Pemble Charles W, Johnson Lynnette C, Kridel Steven J, Lowther W Todd
Center for Structural Biology and Department of Biochemistry, Wake Forest University School of Medicine, Medical Center Boulevard, Winston-Salem, North Carolina 27157, USA.
Nat Struct Mol Biol. 2007 Aug;14(8):704-9. doi: 10.1038/nsmb1265. Epub 2007 Jul 8.
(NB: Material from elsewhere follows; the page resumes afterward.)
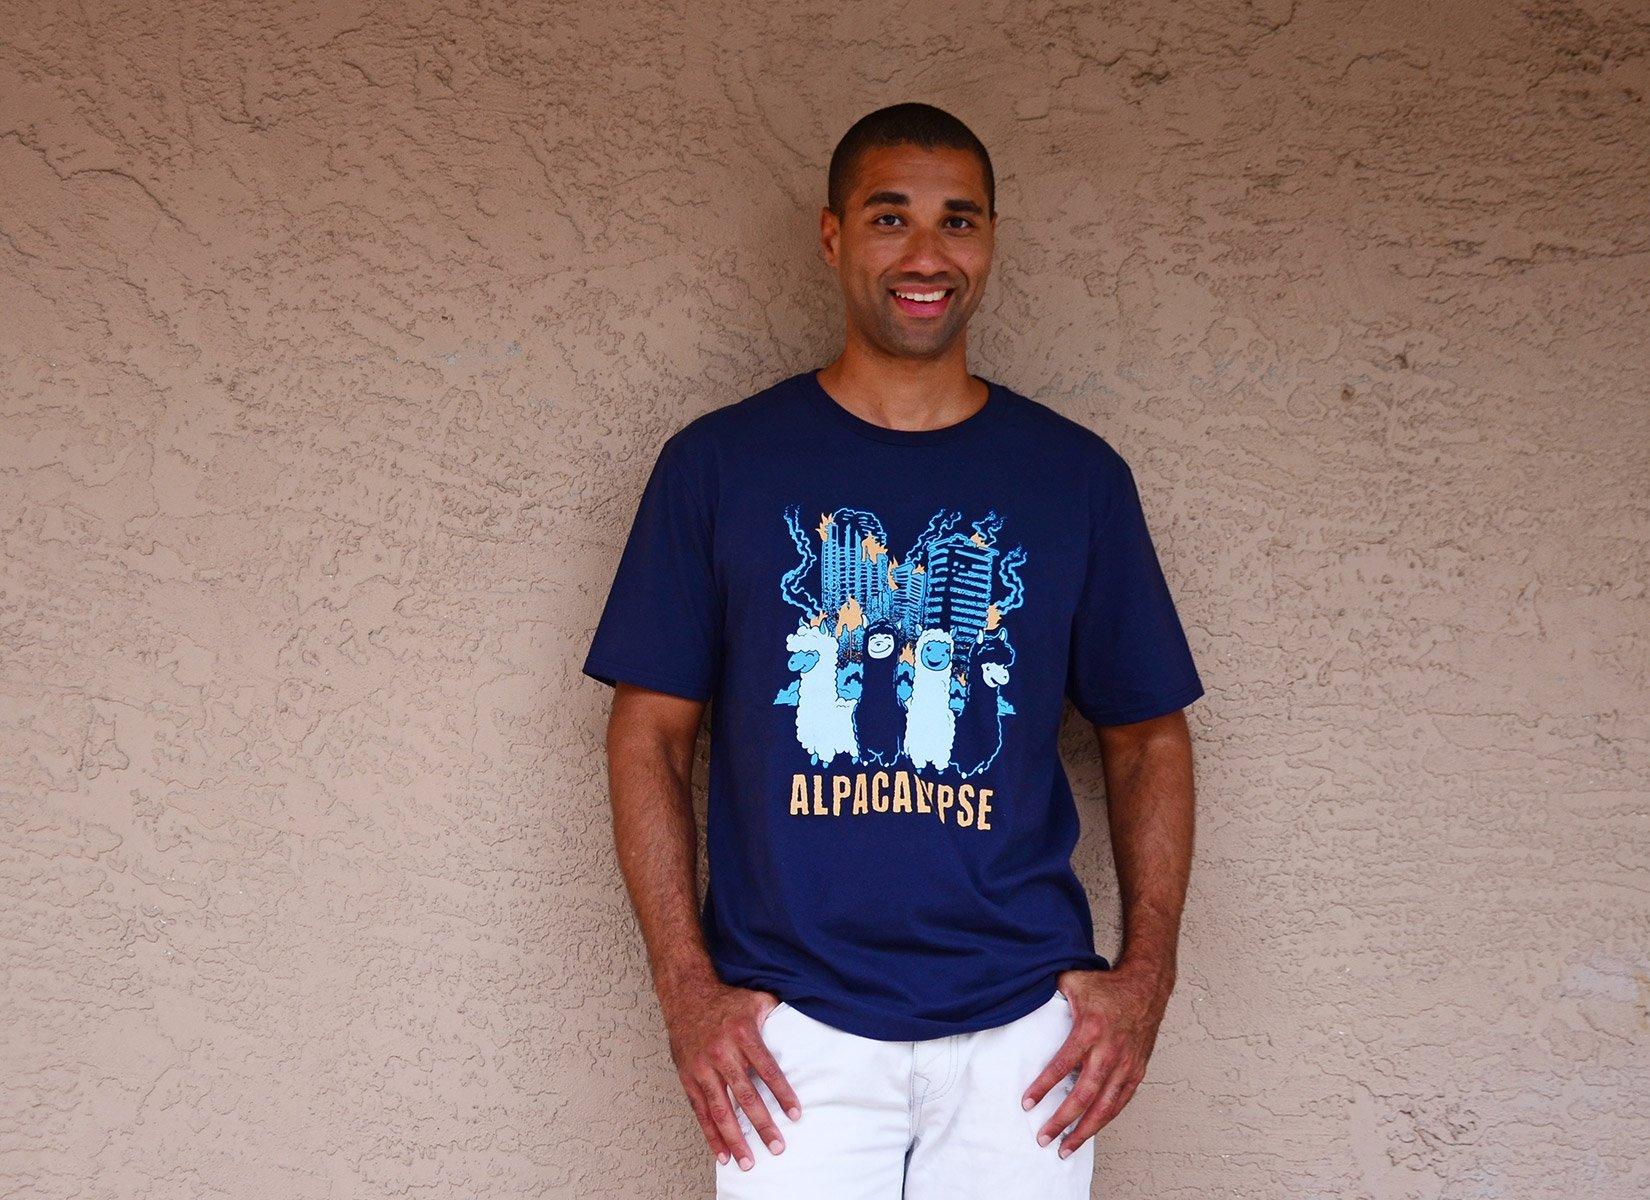 Alpacalypse on Mens T-Shirt

Human fatty acid synthase (FAS) is uniquely expressed at high levels in many tumor types. Pharmacological inhibition of FAS therefore represents an important therapeutic opportunity. The drug Orlistat, which has been approved by the US Food and Drug Administration, inhibits FAS, induces tumor cell-specific apoptosis and inhibits the growth of prostate tumor xenografts. We determined the 2.3-A-resolution crystal structure of the thioesterase domain of FAS inhibited by Orlistat. Orlistat was captured in the active sites of two thioesterase molecules as a stable acyl-enzyme intermediate and as the hydrolyzed product. The details of these interactions reveal the molecular basis for inhibition and suggest a mechanism for acyl-chain length discrimination during the FAS catalytic cycle. Our findings provide a foundation for the development of new cancer drugs that target FAS.
人类脂肪酸合酶(FAS)在许多肿瘤类型中均有独特的高表达。因此,对FAS进行药理抑制代表了一个重要的治疗机会。已获美国食品药品监督管理局批准的药物奥利司他可抑制FAS,诱导肿瘤细胞特异性凋亡,并抑制前列腺肿瘤异种移植物的生长。我们确定了被奥利司他抑制的FAS硫酯酶结构域的2.3埃分辨率晶体结构。奥利司他作为稳定的酰基-酶中间体和水解产物,被捕获在两个硫酯酶分子的活性位点中。这些相互作用的细节揭示了抑制的分子基础,并提示了FAS催化循环中酰基链长度识别的机制。我们的研究结果为开发靶向FAS的新型抗癌药物奠定了基础。